Thank You To Our Sponsors:
The Lewis Family
About The Artist:
Kenny Nguyen (b. 1990, Ben Tre Province, Vietnam) creates expansive, dimensional, mixed-media paintings that center on ideas of cultural identity, displacement and integration.
Nguyen grew up on a coconut farm in a rural area near the Mekong Delta in southern Vietnam. Despite having an established career in fashion design, he decided to join his family when they moved to the United States in 2010.
Acclimating to an American way of life proved uneasy at first, especially with a language barrier that intensified feelings of alienation and isolation. Nguyen turned to art-making as a coping mechanism and as a means to express himself in a more universal language. The transition from design to art was a natural one and in 2015 Nguyen earned a BFA in painting from the University of North Carolina Charlotte, and subsequently established a studio in Charlotte.
Drawing from his experience working with textiles, in particular, silk, a culturally significant material in Vietnam, Nguyen developed a distinctive technique to produce sensual, three-dimensional works that he describes as “deconstructed paintings.”
He begins by tearing swaths of silk fabric into hundreds of strips that he dips in acrylic paint and adheres to raw canvas. Methodically, almost meditatively, he repeats the process—tearing, painting, sanding, sewing, weaving, attaching, layering—until he has a structured but malleable medium, which he shapes into undulating, sculpted forms.
Nguyen’s paintings are often affixed to the wall with pushpins, allowing him the flexibility to rehang or adjust the composition as desired. The works can be stretched flat like a traditional canvas or gently draped, folded and creased into animated structures that unfurl along the wall and pool at the floor. Each installation is unique.
In some ways, Nguyen’s approach of deconstruction and reconstruction is akin to the experience of growing into his identity as Vietnamese American and as an artist. His use of silk, which remains the primary material in his practice, has evolved alongside him. Where he once chose it for its splendor and sense of familiarity, through a rigorous process of transformation, it now holds greater meaning for the artist: “For me, silk has become the connector tying both cultures together.”

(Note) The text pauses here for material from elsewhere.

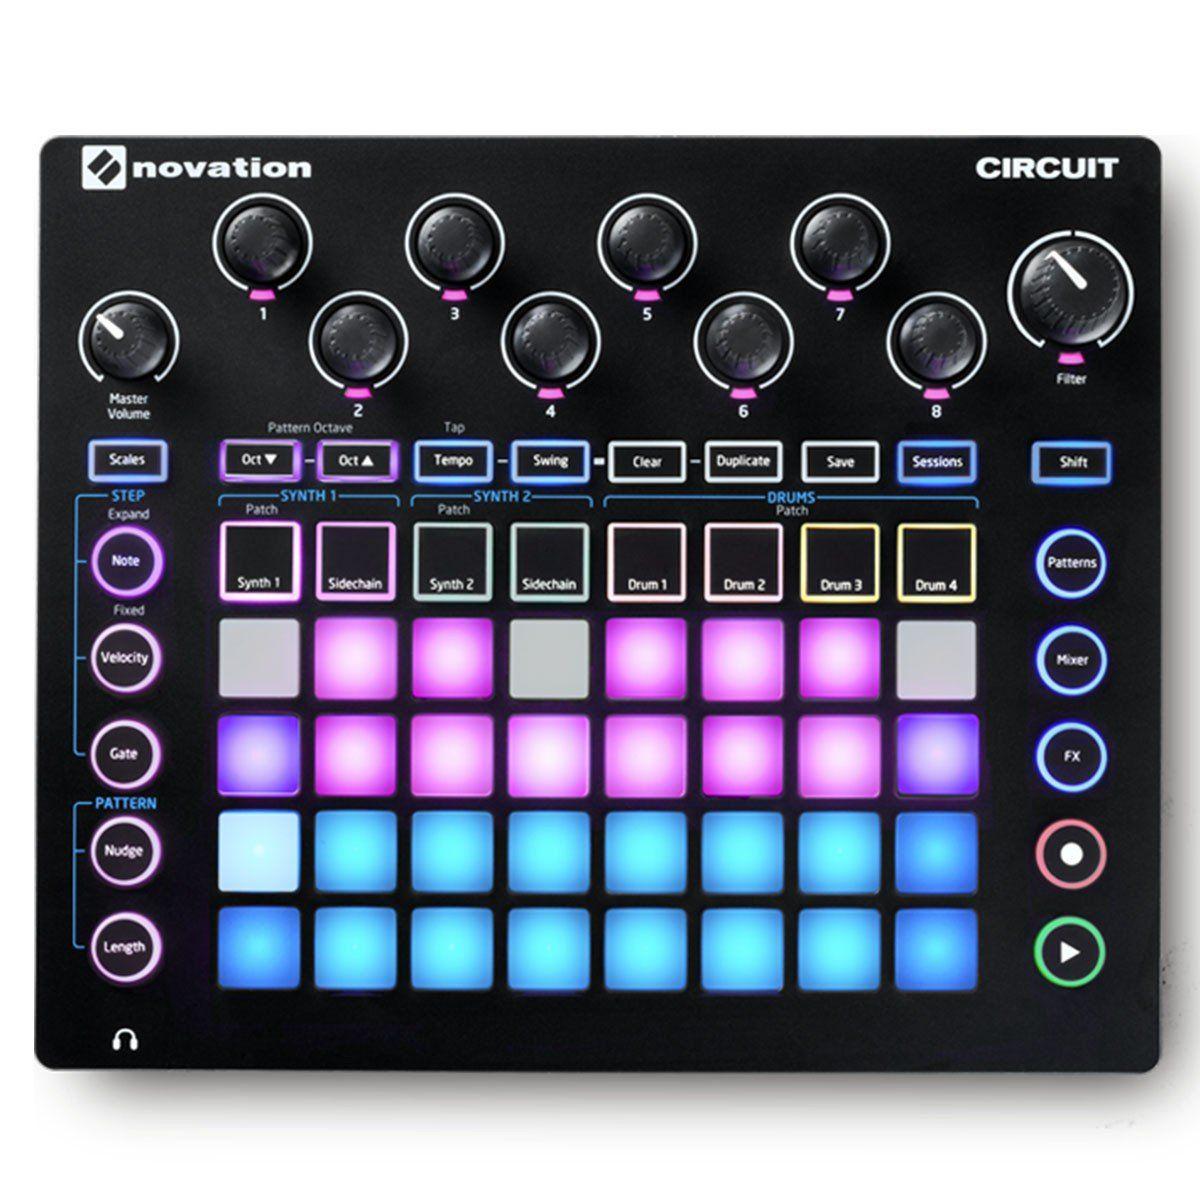 Novation Circuit Sintetizador Para Produção Musical Samples Beats

Nguyen has participated in exhibitions across the globe, including at the Sejong Museum of Art, Seoul; CICA Museum (Czong Institute for Contemporary Art), Gimpo, Gyeonggi Province, Korea; Kunstwerk Carlshütte, Büdelsdorf, Germany; LaGrange Art Museum, Georgia; Museum of Contemporary Art Jacksonville, Florida; Orange County Center for Contemporary Art, Santa Ana, California; and The Rayburn House Office Building, United States Capitol Complex, Washington, DC. In 2024, Nguyen’s work was the subject of the solo exhibition Kenny Nguyen: Adaptations at the Mint Museum in Charlotte.
In 2016, Nguyen received the Excellence Asia Contemporary Young Artist Award from Sejong Museum of Art; in 2023, a nomination for the Joan Mitchell Fellowship; and in 2024, Asian Art in London’s Modern & Contemporary Art Award for a work from his Eruption series. He has been awarded numerous grants, fellowships and residencies.